(Input data Opens)
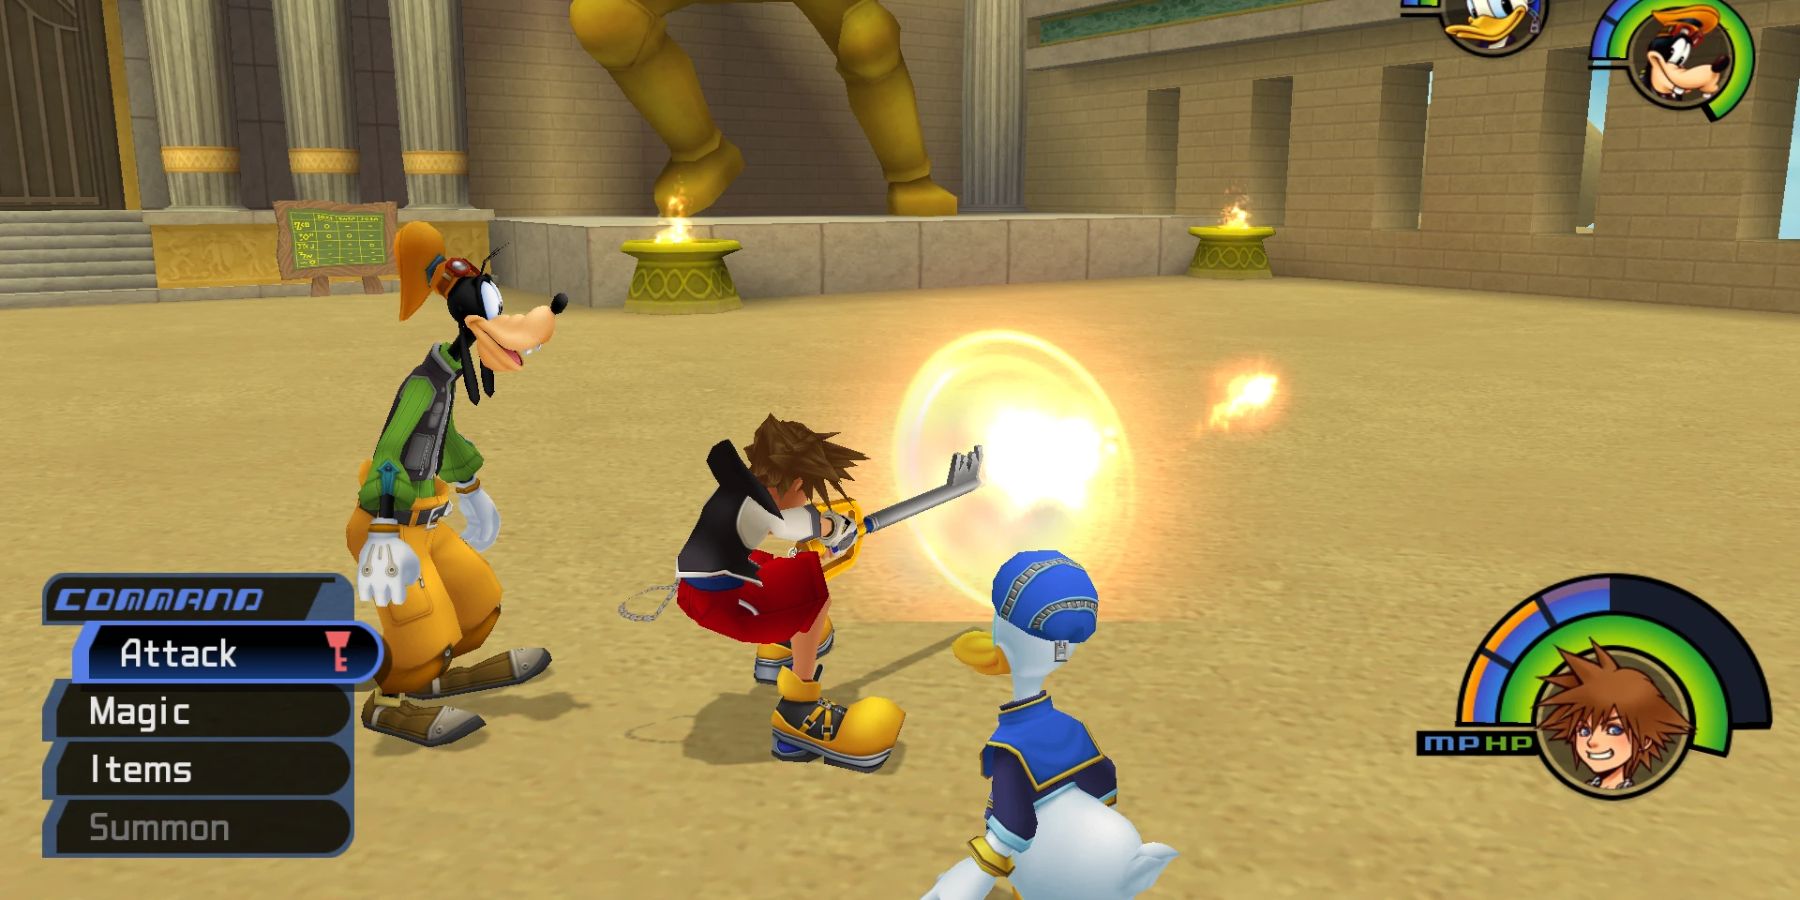 Sora casts Fire in Kingdom Hearts
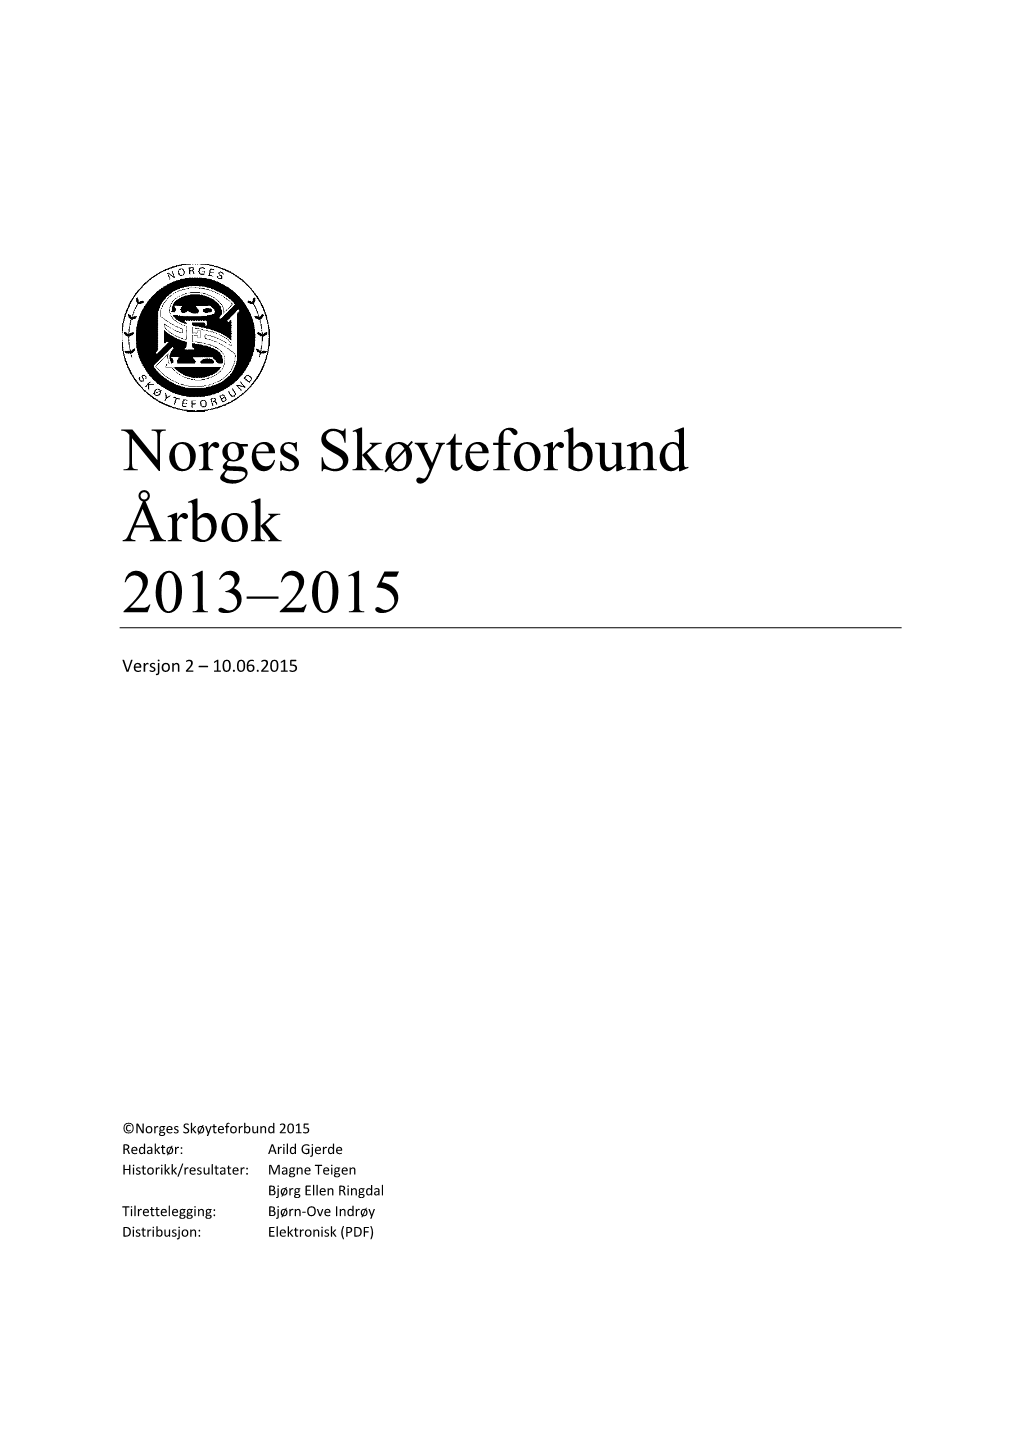 Norges Skøyteforbund Årbok 2013–2015
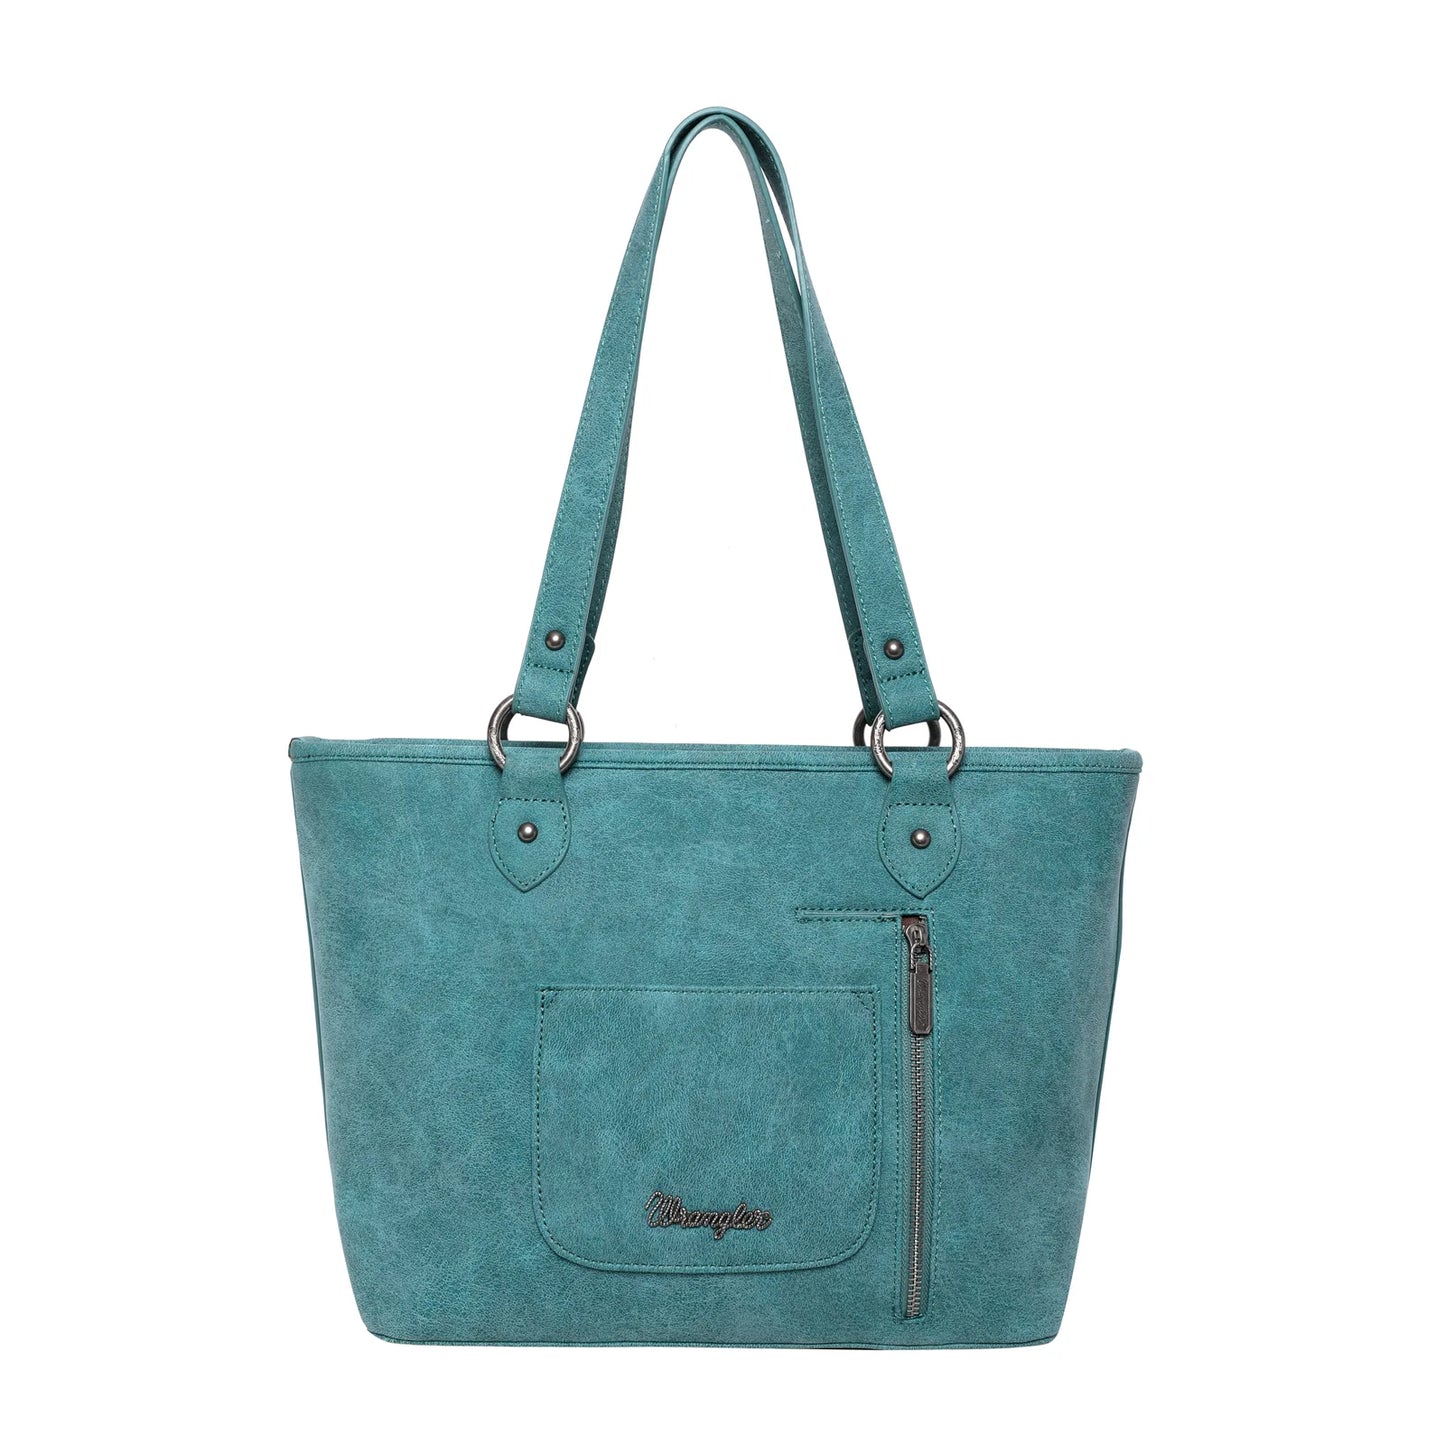 Wrangler Fringe Concealed Carry Bag- Turquoise
(Input data Closes)
* **Problem details**
Write every line of the data out again exactly, leaving out all images.

* **Written response**
 Sora casts Fire in Kingdom Hearts
 Norges Skøyteforbund Årbok 2013–2015
 Wrangler Fringe Concealed Carry Bag- Turquoise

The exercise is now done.